Below is a listing to copy exactly; no image goes into the copy.

* Provided material *

--------------------

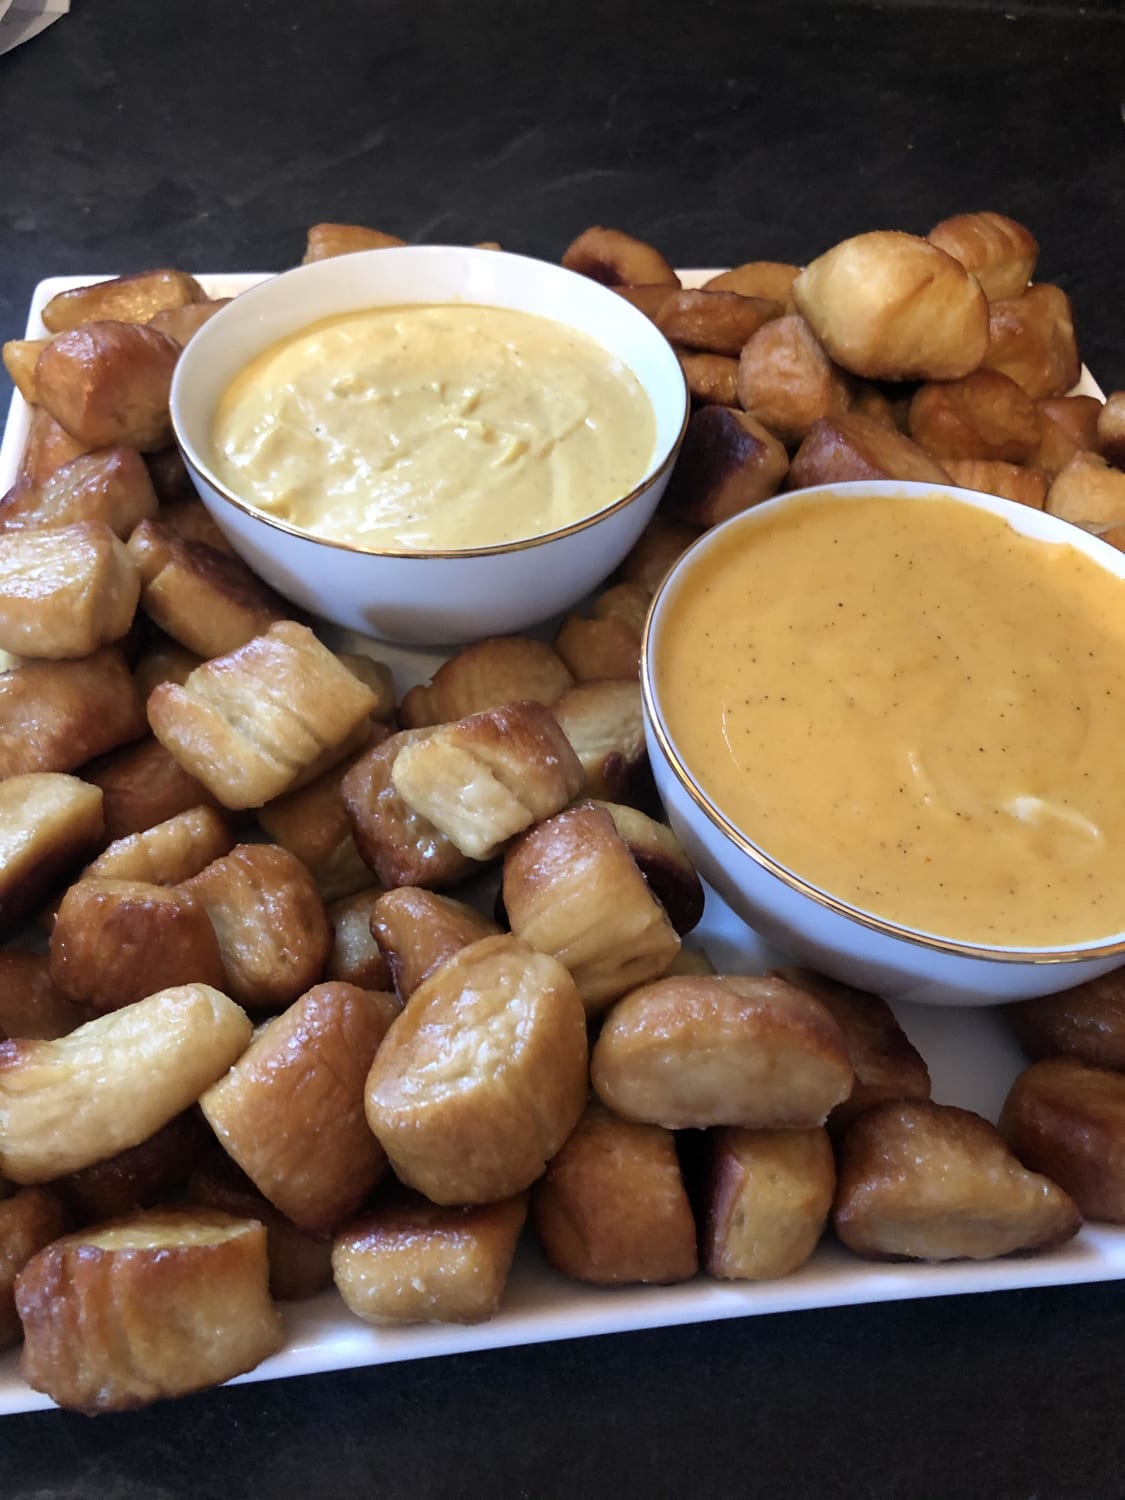 [Homemade] Pretzel Bites with Cheese Sauce and Honey Mustard
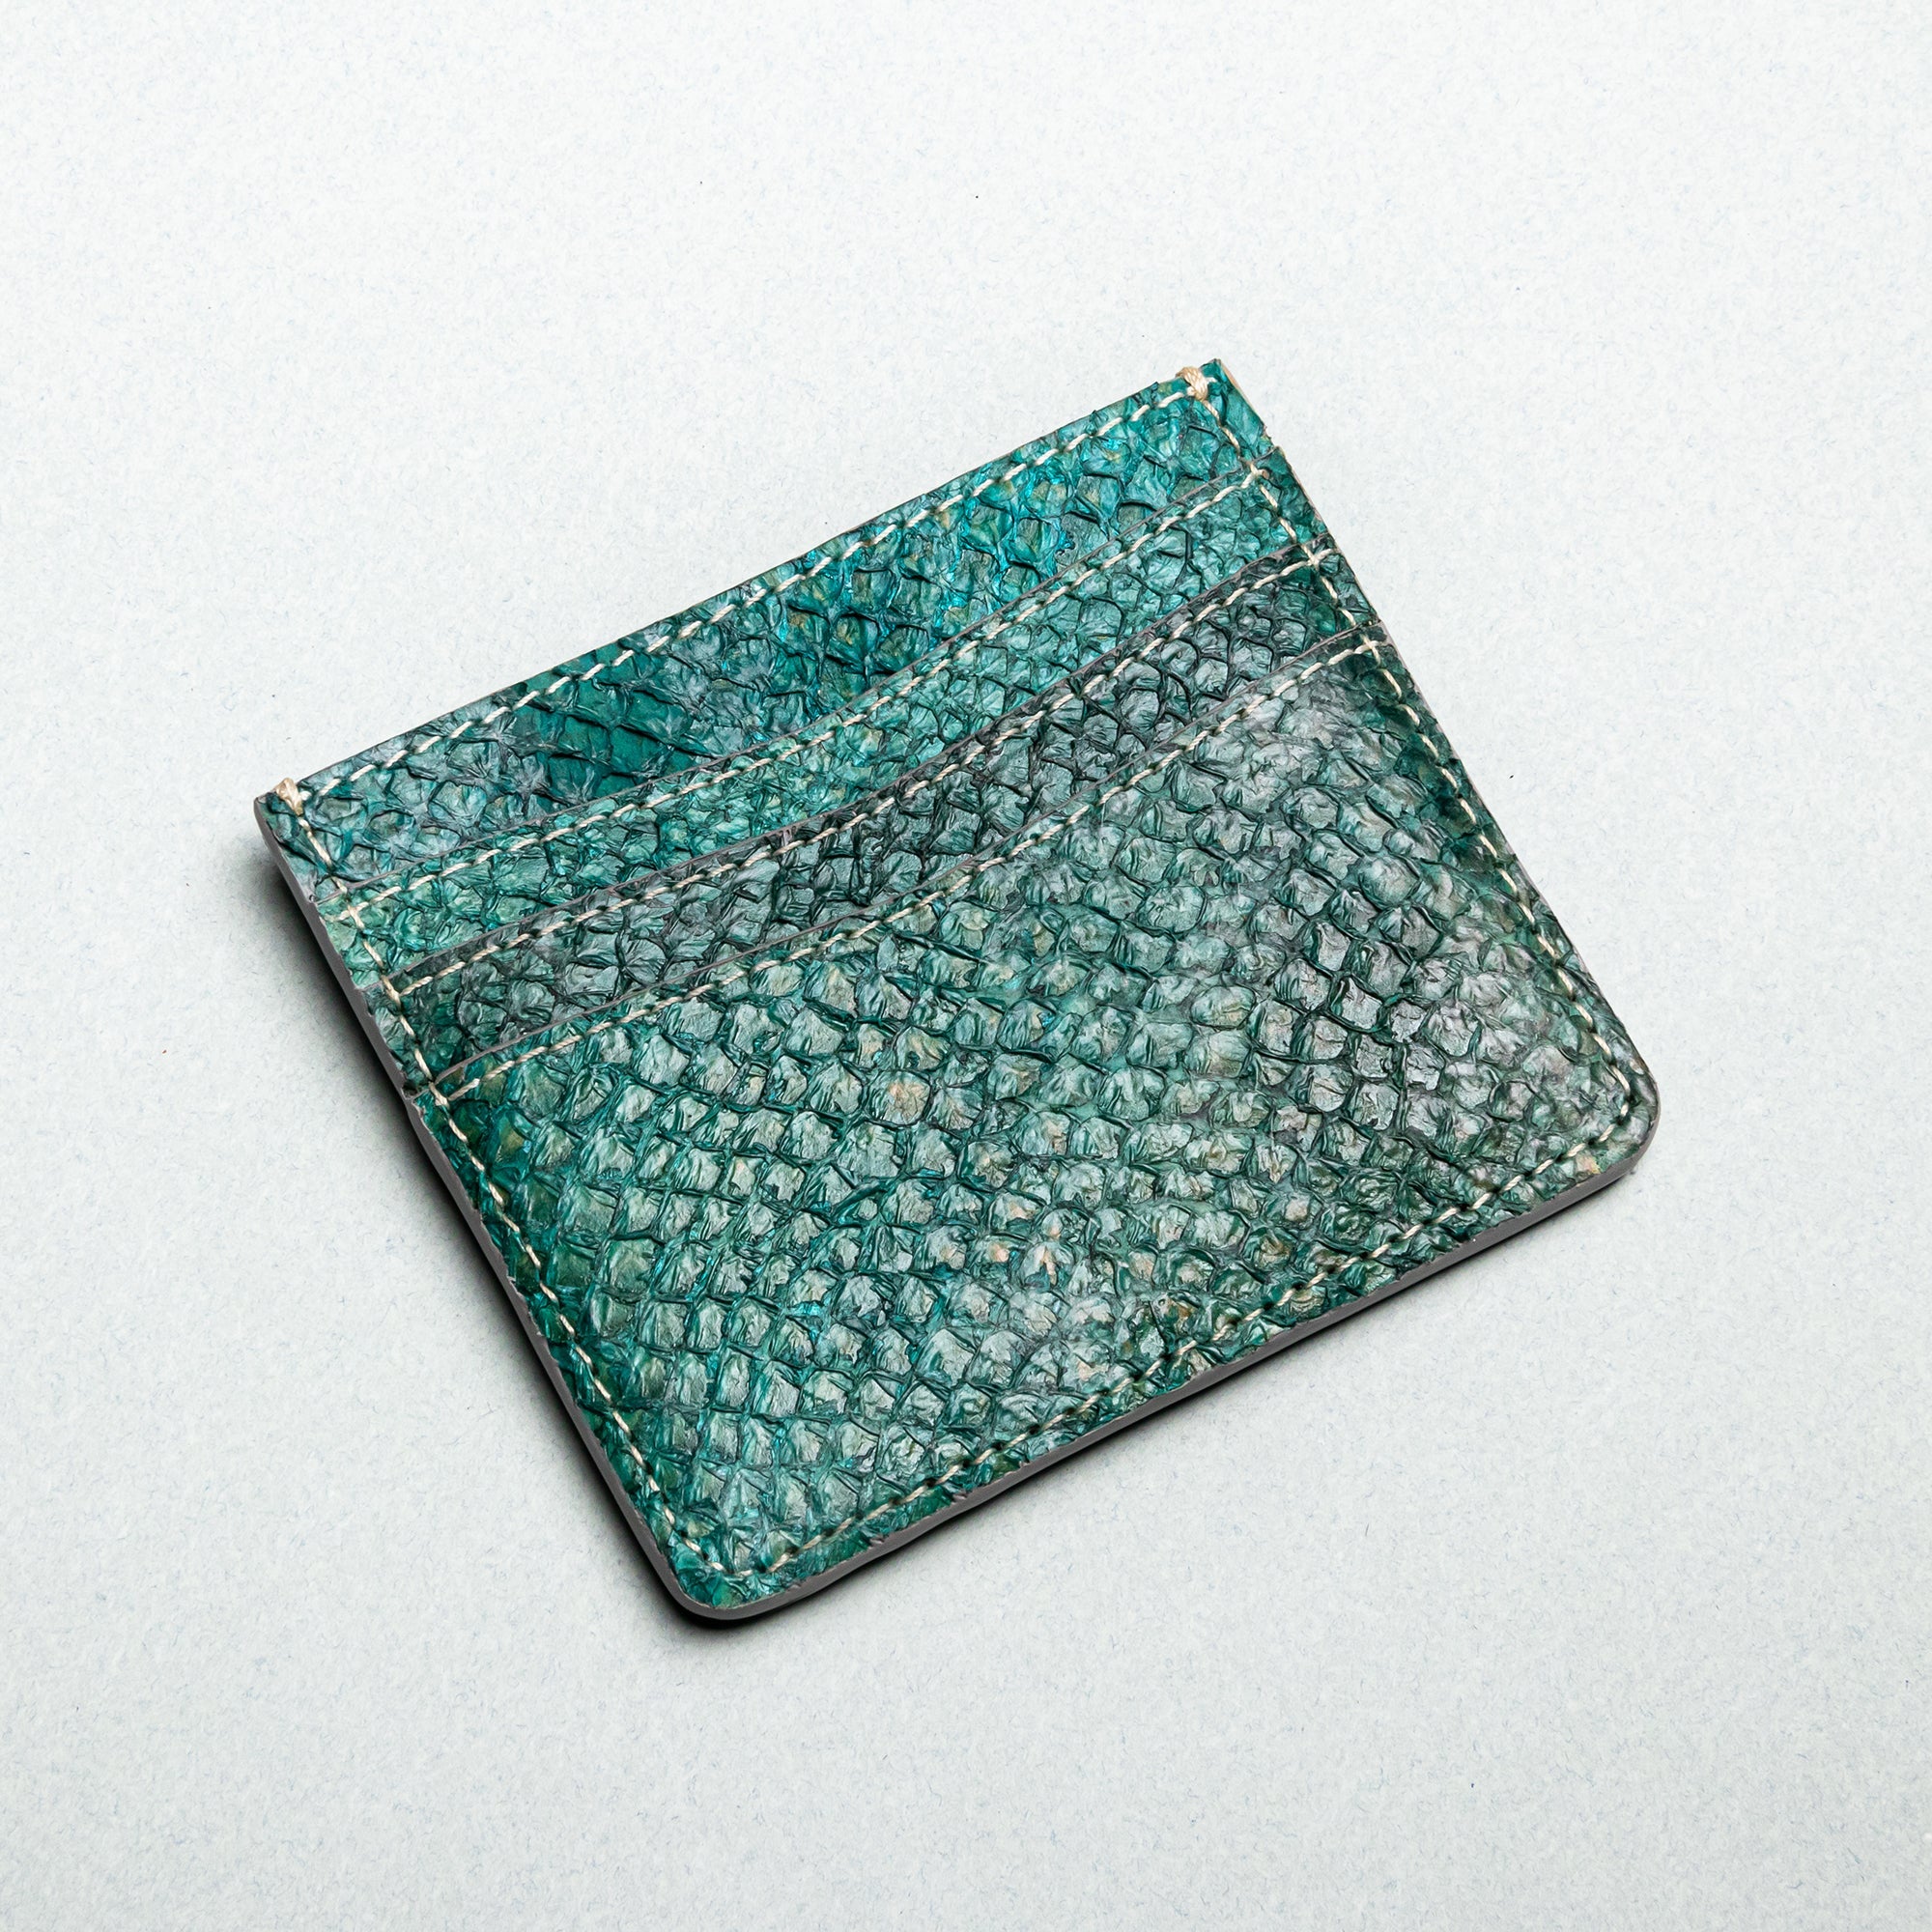 Salmon skin leather card holder "Smeraldo Cardholder"
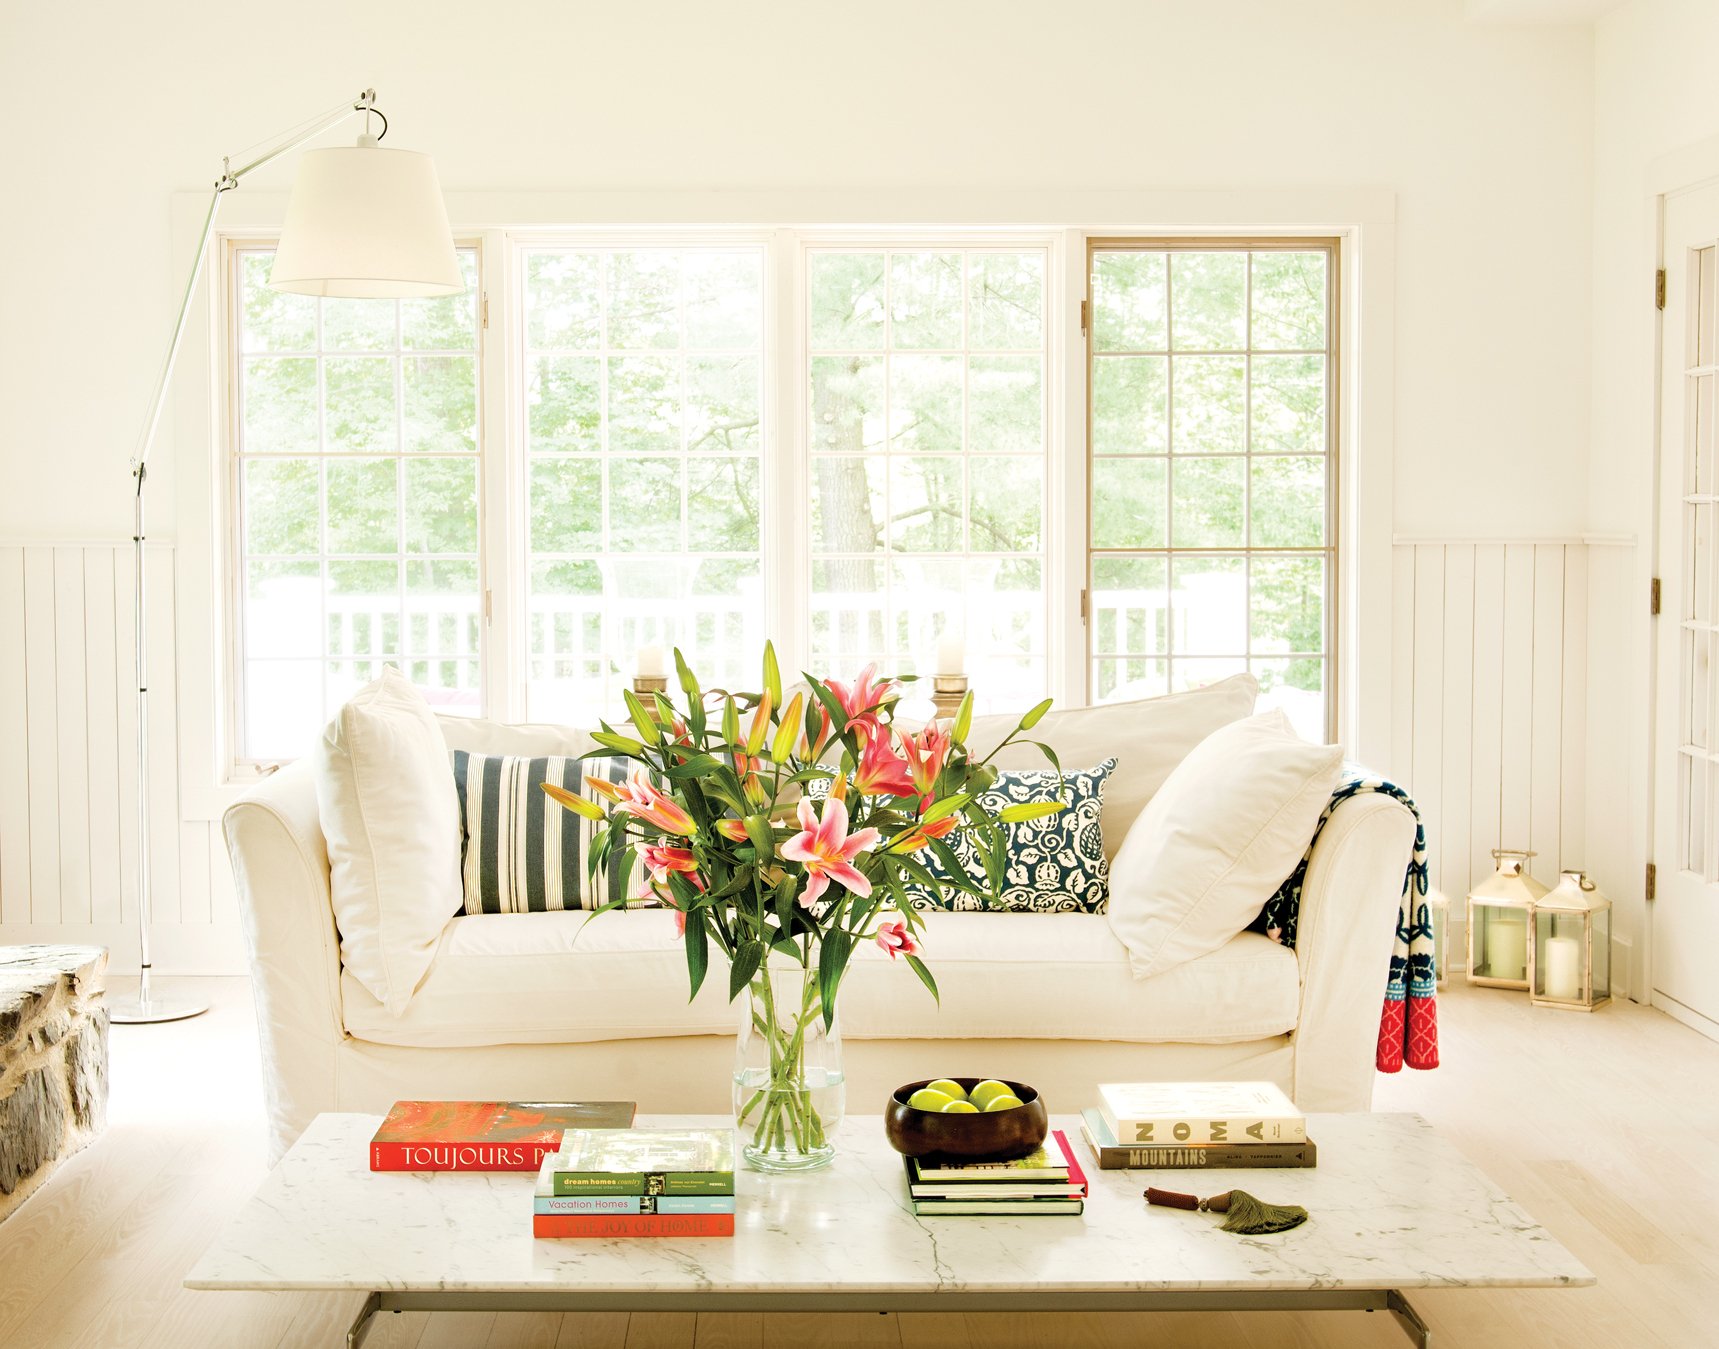 Modern, cozy home décor ideas Seven tips Chatelaine

--------------------

* Exercise answer *
 [Homemade] Pretzel Bites with Cheese Sauce and Honey Mustard
 Salmon skin leather card holder "Smeraldo Cardholder"
 Modern, cozy home décor ideas Seven tips Chatelaine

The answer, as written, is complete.